Skills And Qualifications
- Bachelor’s degree in CS, Information Systems, Engineering, Business, or a related field
- 5-6 years of experience in a corporate enterprise IT environment within the information security field.
- Excellent communication (oral, written, presentation) and interpersonal skills
- Strong analytical and problem-solving abilities.
- Ability to work well in a team environment
- Proficiency with Microsoft Windows 10/11, M365, Microsoft Active Directory, Microsoft Azure
- Knowledge of cyber risk frameworks, security controls and industry best practices
- Experience with information security awareness training and monitoring of information security standards
- Must show attention to detail and the ability to multi-task in a rapidly changing environment, and the ability to work independently
- Maintains a high standard of ethics, professional judgement and personal conduct.
- Certifications (Preferred)
- CompTIA Security+, Certified Information Systems Security Professional (CISSP), or similar certifications.
- Other
- This position requires some weekend and evening assignments as well as availability during off-hours for participation in scheduled and unscheduled activities
What We Value
Cascade values diversity, equity, and inclusion and is deeply committed to providing equal employment opportunity for all employees and all applicants seeking employment.
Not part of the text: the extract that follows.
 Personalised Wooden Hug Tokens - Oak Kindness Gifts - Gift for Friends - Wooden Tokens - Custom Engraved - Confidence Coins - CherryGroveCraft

All employment decisions are based on a candidate’s or employee’s capabilities and qualifications without regard to race, color, creed, religion, sex, sexual orientation, gender expression or identity, age, national origin, citizenship, veteran, military, marital status, sensory, physical, or mental disability, genetic information, or any other status or characteristic protected by applicable law. Questions regarding accommodation requests due to a disability should be directed to Human Resources.
Employment Requirements
Upon hire, you are required to present proof of your eligibility to legally work in the U.S.
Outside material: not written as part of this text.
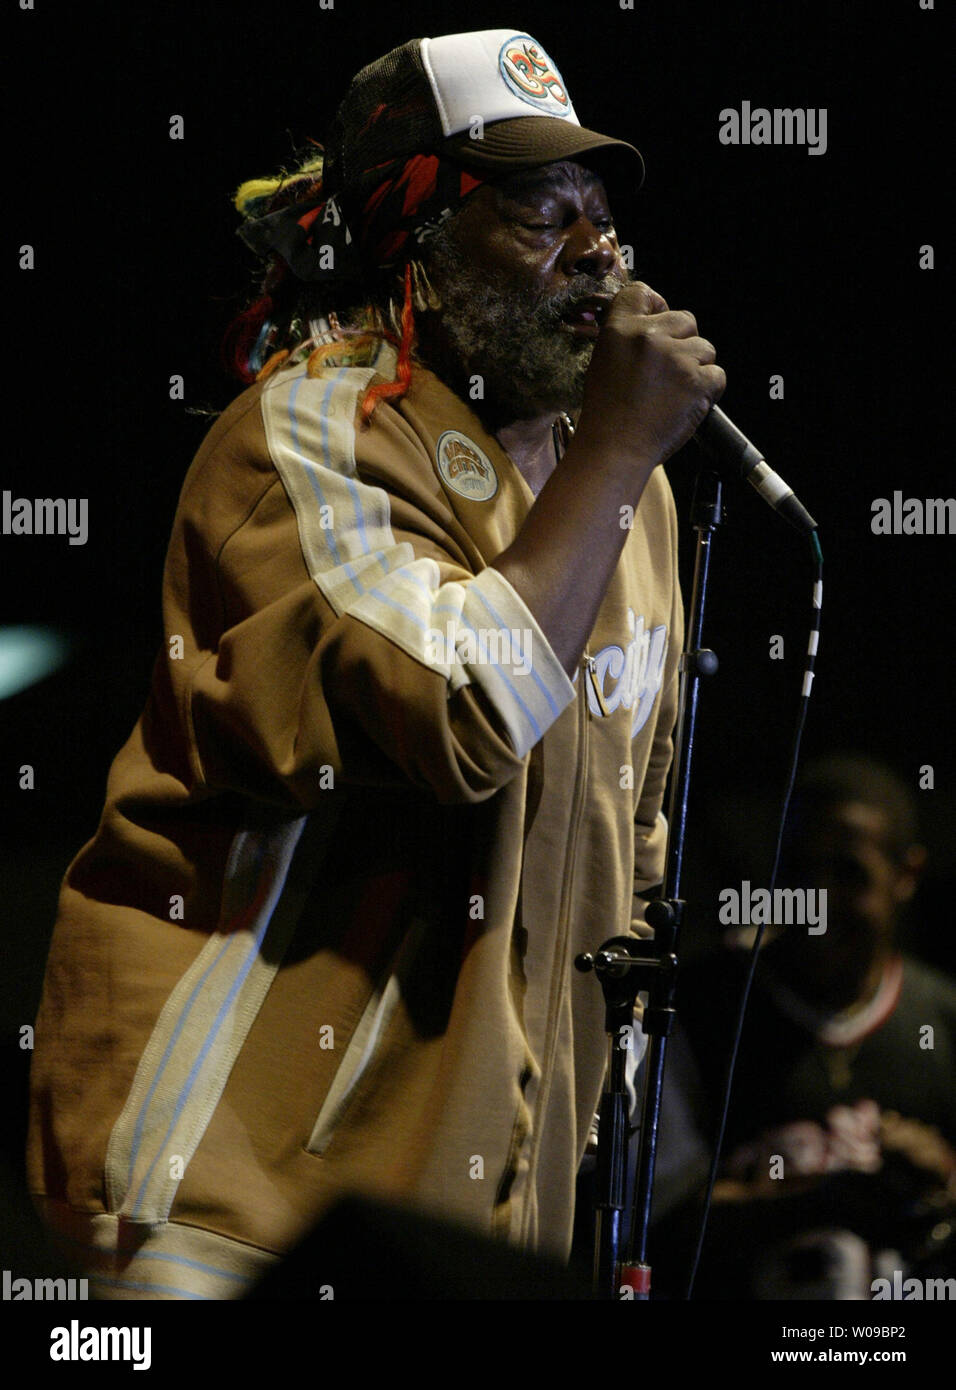 George Clinton performed with Parliament/Funkadelic during the first day of the Beale Street Music Festival on Friday, April 30, 2004 at Tom Lee Park in Memphis, Tenn. (UPI Photo/Billy Suratt) Stock Photo

What We Offer Cascade is committed to paying employees equitably for substantially similar work. A reasonable estimate of the current base salary range for this position is listed above, with the exact amount driven by several factors including relevant experience, knowledge, education, degree to which a candidate meets the role requirements, and other qualifications. We believe that our employees are the reason for our success, and in recognition of their contributions, we offer eligible employees a discretionary annual bonus and a discretionary long-term incentive program. Cascade proudly supports our employees and their families with a comprehensive fully paid benefits package, including medical, dental, vision, life, AD&D, long-term disability insurance, and a generous employer match to 401(k) retirement savings contributions. Employees are also eligible for 18 days of paid vacation each year for the first four years of employment, eight paid holidays, up to three floating holidays per year, up to 14 days of sick leave, and generous paid parental and family leave. Our benefits also include several employee wellness programs and mental health resources, a charitable giving match, and reimbursement for fitness, daycare, and/or commuter expenses.